Varina!” he snarled as she burst into peals of cold laughter.

“Indeed, boy! Dolórüska played his part perfectly. As did you and your little super-friends, fools and tools that you all are.

“A year of slumbering within this world’s magical energy, months spent finding and destroying Arkanos’s vile little wards, designed solely to keep me from my rightful ascension… but it’s all are over now, and I rise! How I envy you little mortals… you have served me so loyally… and now you have the glory of being the first to die at the hands of Varina the Ascendant, Dark God of Gods!

“So this was your ploy all along?” Totem demanded. “You wanted Sabra to kill you that day, didn’t you… but why? What did you gain?”

“Gain? Why, everything, foolish boy. Or at least that was the plan. I spent centuries devising my ritual – the great ritual that would finally allow me to ascend to true godhood. I needed one thousand worlds drawn into my own Dark Realm, and after Roland’s humiliating trickery, I swore to make this pathetic little world, his world, my final conquest.

“My “death” was an integral part of the ritual, of course – but only my death at the hands of this world’s Magus Prime would do, allowing my spirit to merge with your world’s magics and thereby gain control from within. But that vile Roland Reid must have suspected… his damn Arcane Wards worked just as he intended, keeping me trapped and formless, unable to act on the material world.

“But he underestimated me, of course. However brilliant, he didn’t have my centuries of experience. It took time, but eventually I found tools whose minds I could touch, tools I could use to act as my hands in this world, to find and destroy the Wards. And now, bonded to this last, accidental Ward, there is nothing you or anyone can do to stop my Ascension!”

She stooped to take up the Golden Helm… and her hand passed through the artifact as if it were made of smoke. Her expression changed swiftly from mocking condescension to furious rage.

“What trickery is this?” I—“

“Oh, how dreadful,” Medea feigned a sob from the gloom deeper within the chamber. “Isn’t it terrible when someone wears the same accessory to a party?”

As all eyes turned to her, she lifted the real Golden Helm to her head and, with a gleeful laugh, lowered it…

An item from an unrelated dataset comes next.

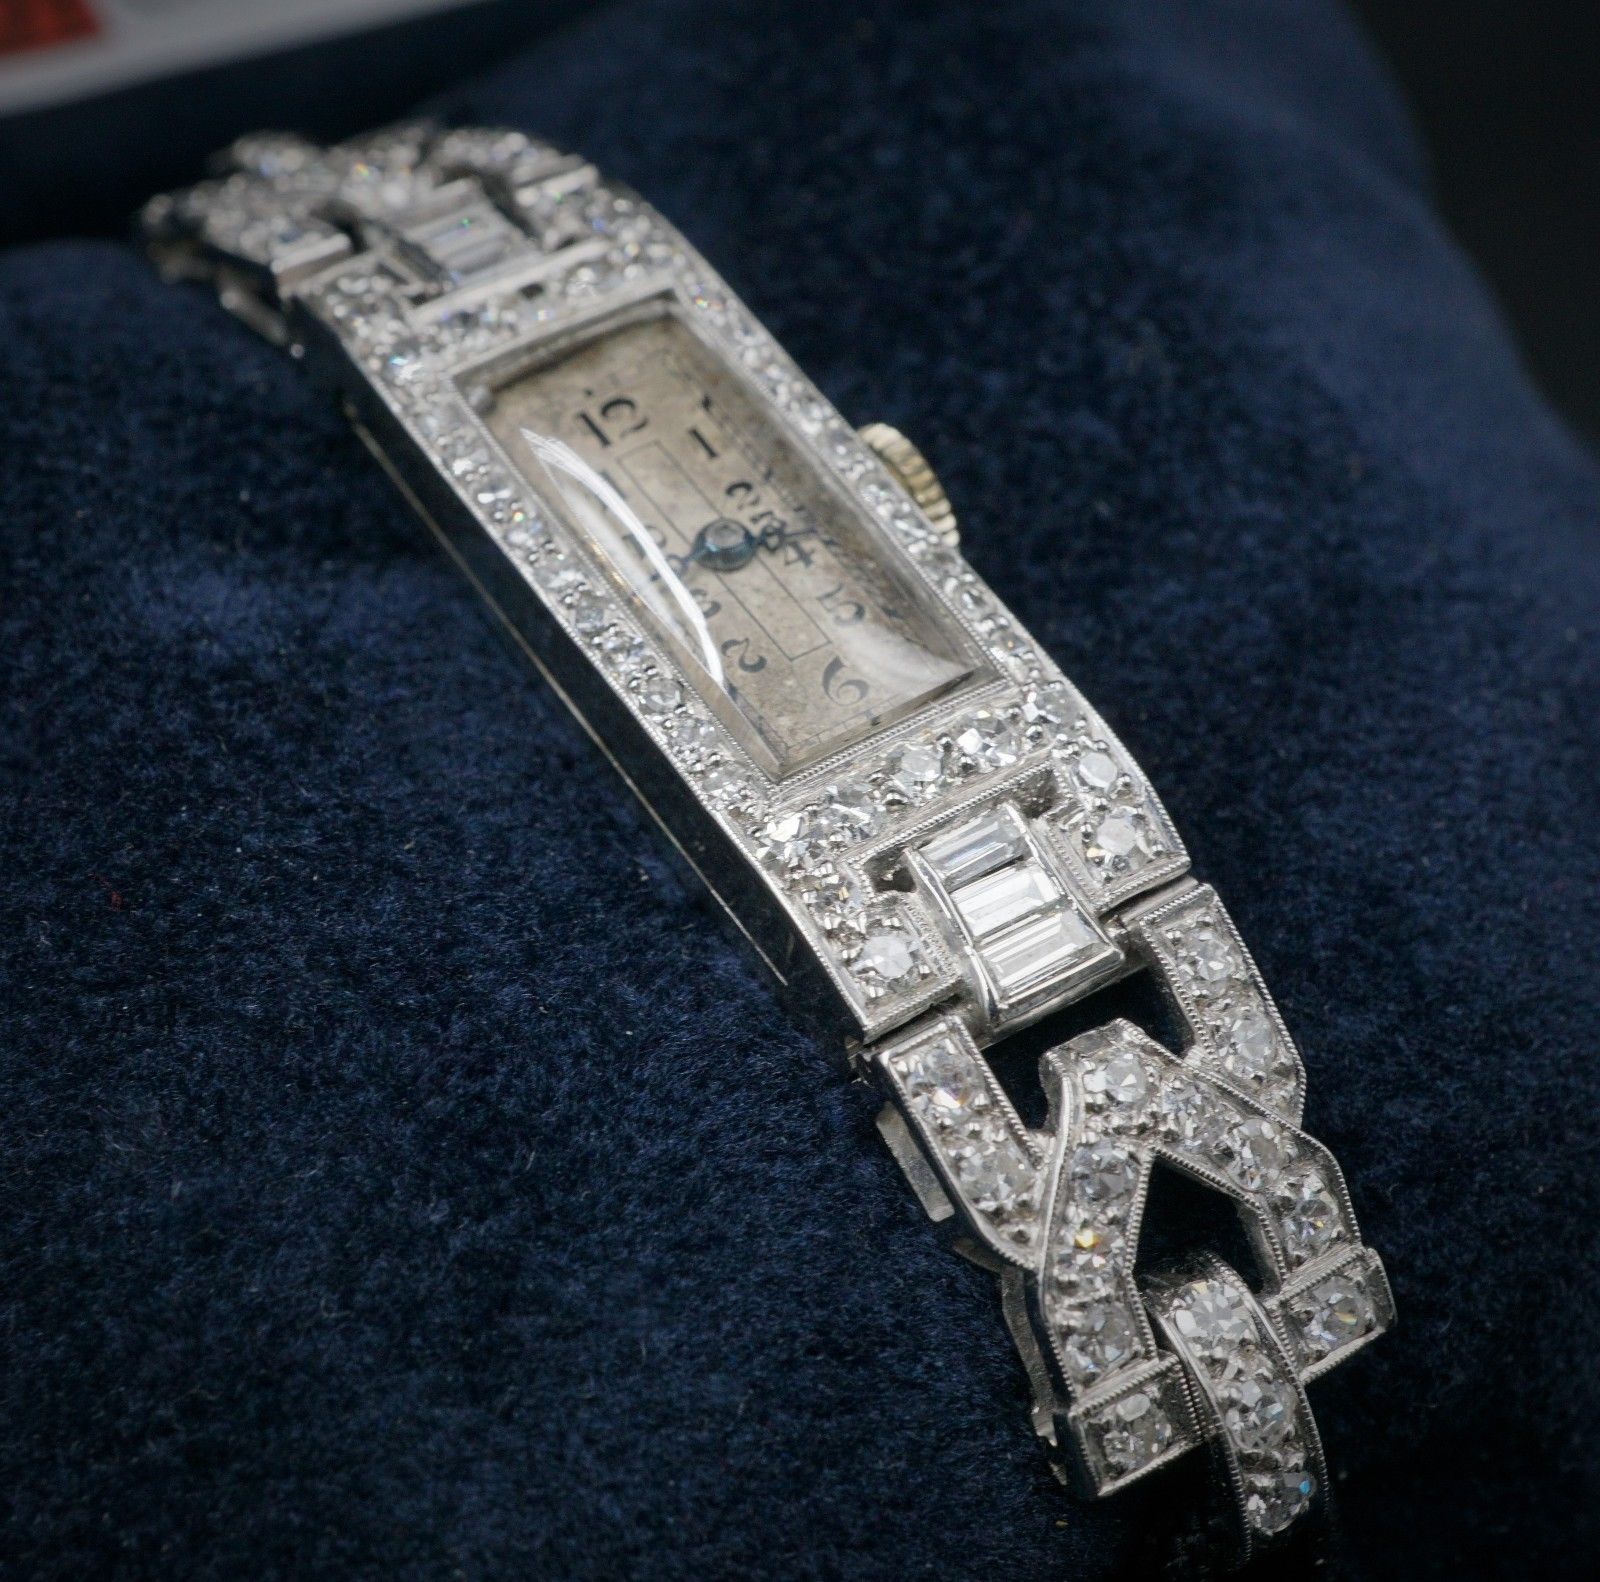 Watch: Edwardian era Rado brand 17 jewel mechanical movement watch with black cord band, fastening with a fold-over locking clasp | 68 diamonds | 1.32 carats | Appraisal: $19,950

The world vanished in a flood of light, and three voices screamed in agonizing pain and terror. The Vanguard collapsed to the stone floor, blinded and half-deafened by the horrible shrieks. And then they just stopped. As vision returned, only the Golden Helm of Dolórüska the Damned remained, laying in the spot where Medea had stood — surrounded by a circle of charred stone

•• •• ••

Later, the Vanguard were gathered about the Round Table in their Ready Room at Vanguard HQ, high atop the famed AzTech Pyramid. It was another beautiful summer day in Astoria, and things had been surprisingly quiet since their return from New Atlantis. With not much crime to report on, the meeting was ending early. Life was good.

But then the red phone in the corner of the room rang, and everyone tensed. A call on that particular phone could mean only one thing – serious trouble was going on somewhere in the city. The Mayor only called on her dedicated special hotline when things were beyond the police!

“Hello Madame Mayor,” Scion said as he lifted the receiver, putting it to his ear. “How can we help?”

“Good morning Scion,” Mayor Syrett said, sounding all business. “I’m afraid the forces of E.V.A.L. have struck again – the master super villainess Sandblaster and her gang of sand-themed minions are robbing the main branch of the First National Bank even as we speak! The police are helpless against them… I’m afraid only the Vanguard can stop her!”

“Have no fear, ma’am, the Vanguard is on the way!” Scion hung up the phone and turned to his teammates. “It looks like the vacation is over, friends – our old chum Sandblaster is back in town, and up to her old tricks. It’s time to earn our keep again!”